Contemporary Native American, Alaska Native, First Nations, and Métis artists explore memory and time in "Smoke in Our Hair: Native Memory and Unsettled Time," an exhibition featuring loans from Art Bridges, Forge Project, and the Gochman Family Collection.
Indigenous understandings of time are cyclical and relational in contrast to Western perceptions of time, which are often linear and commodified. The intersection of memory and time in contemporary Native artistic practices reveals how temporality shapes perceptions of self, culture, and reality, as well as how the past is continually remembered and reimagined. “Smoke in Our Hair: Native Memory and Unsettled Time” highlights some of the most influential Native artists working over the last sixty years.

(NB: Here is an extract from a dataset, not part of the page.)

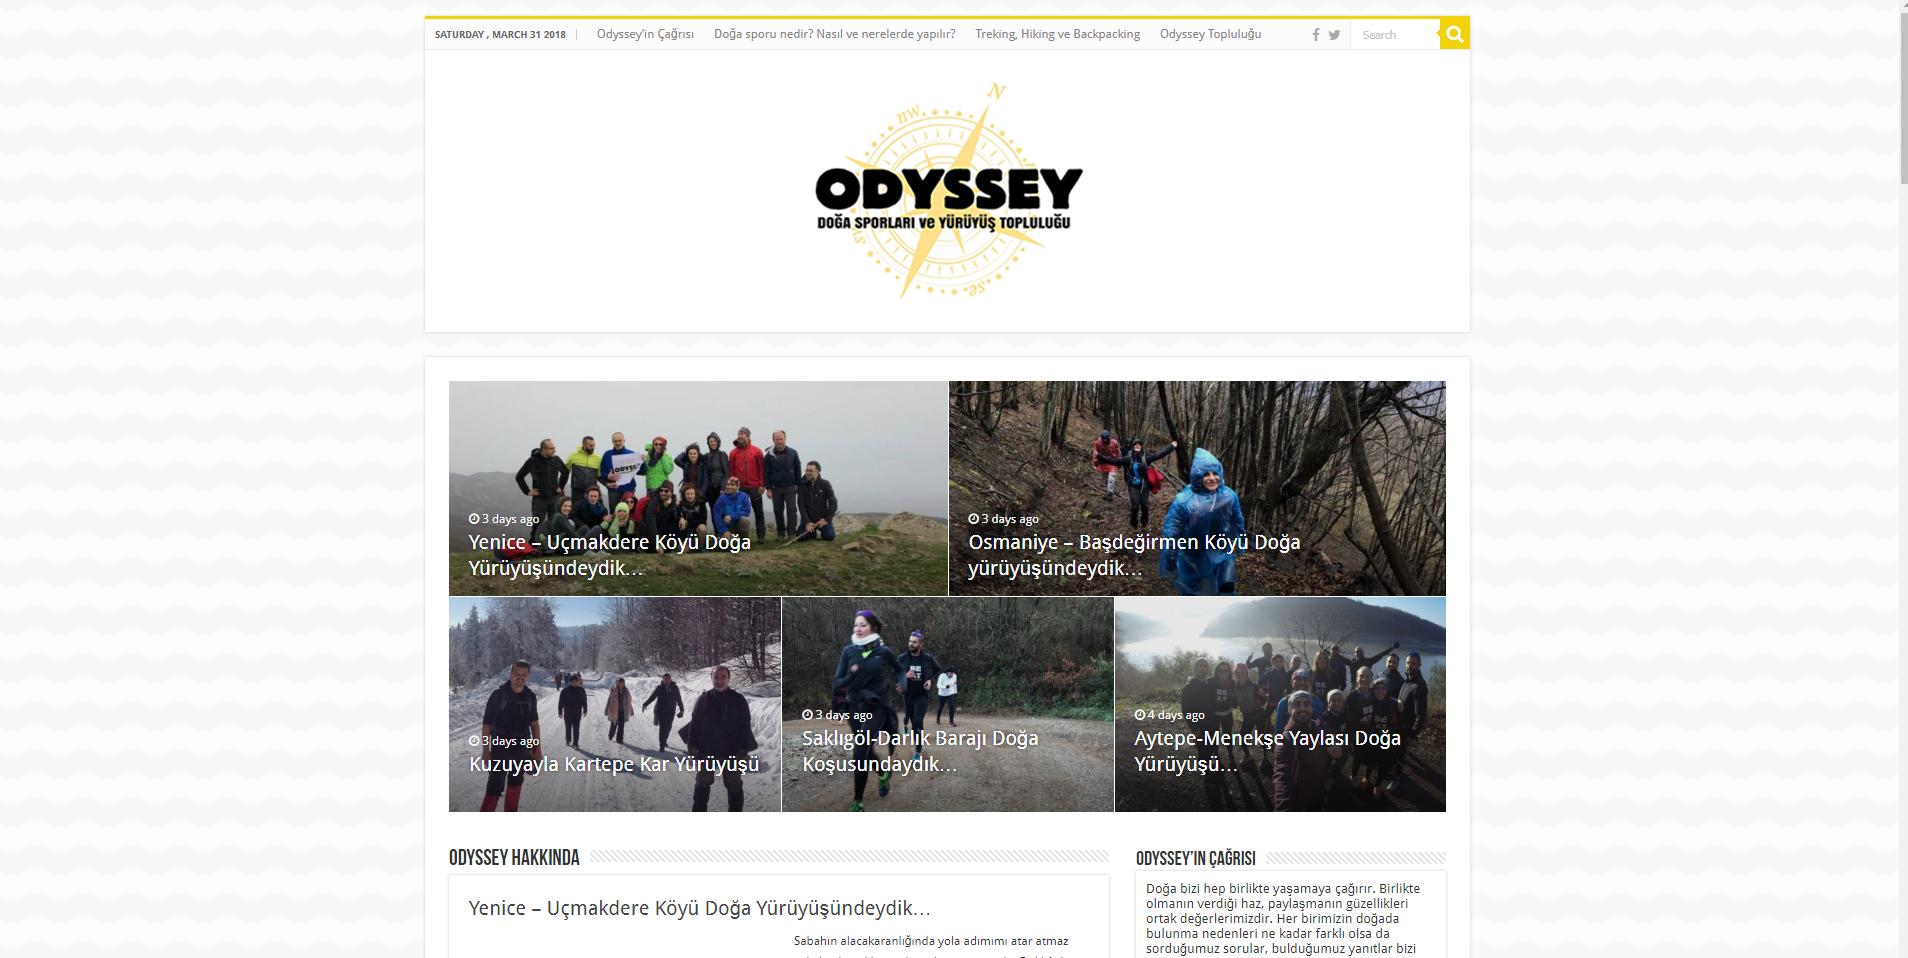 Odyssey Doğa Sporları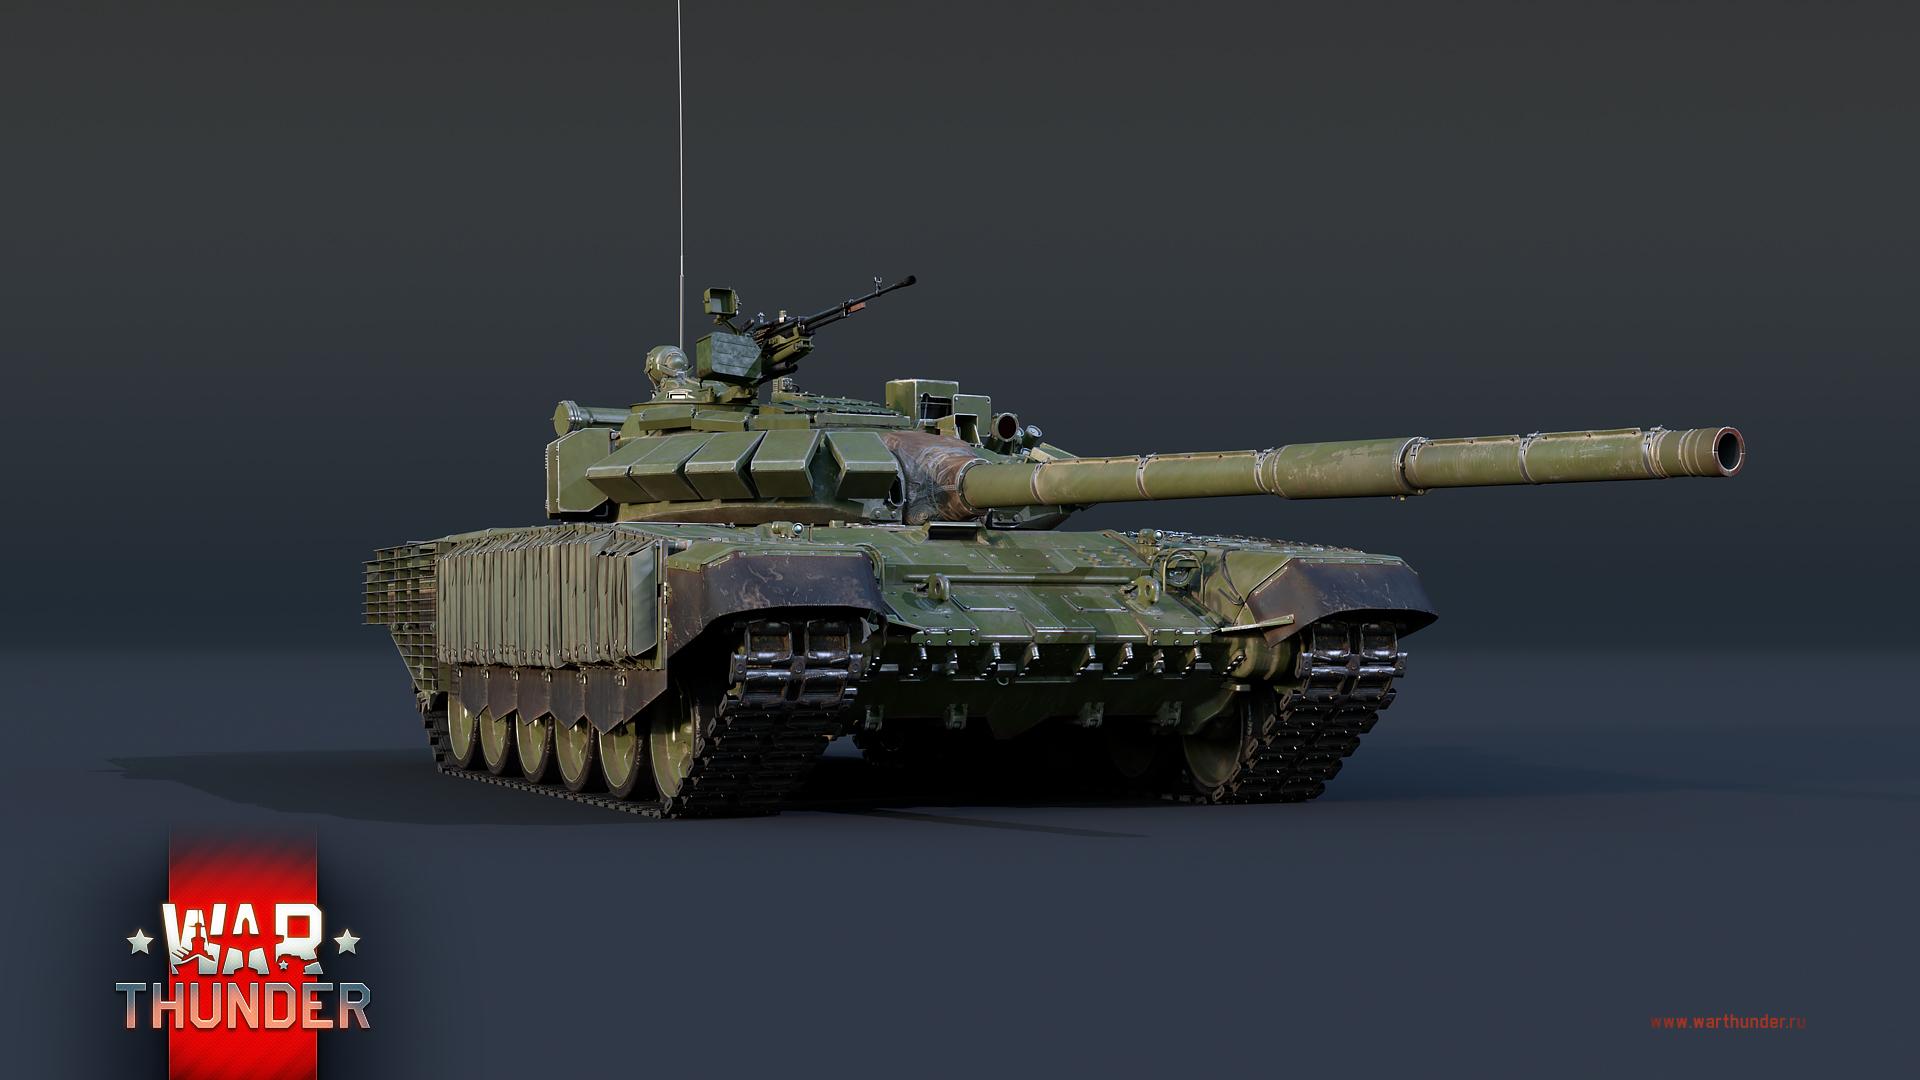 https://static.warthunder.ru/upload/image/!2020/08/DB/t_72b3_1920x1080_logo_ru_7adbbe5636fdb8c650388ad479c92041.jpg

It explores the nuanced layering of past, present, and future in works by twenty-two artists of Native American, Alaska Native, First Nations, and Métis heritage, who carry forward the artistic lineages of their ancestors while simultaneously sparking new visions for the future.
The exhibition title is borrowed from the poem "Smoke in Our Hair” by Ofelia Zepeda (Tohono O’odham). She writes: “Smoke, like memories, permeates our hair,/ our clothing, our layers of skin./ The smoke travels deep/ to the seat of memory./ We walk away from the fire;/ no matter how far we walk,/ we carry this scent with us.” Using the scented smoke of burning wood as a metaphor, Zepeda reminds us that Native memory is both fluid and indelible.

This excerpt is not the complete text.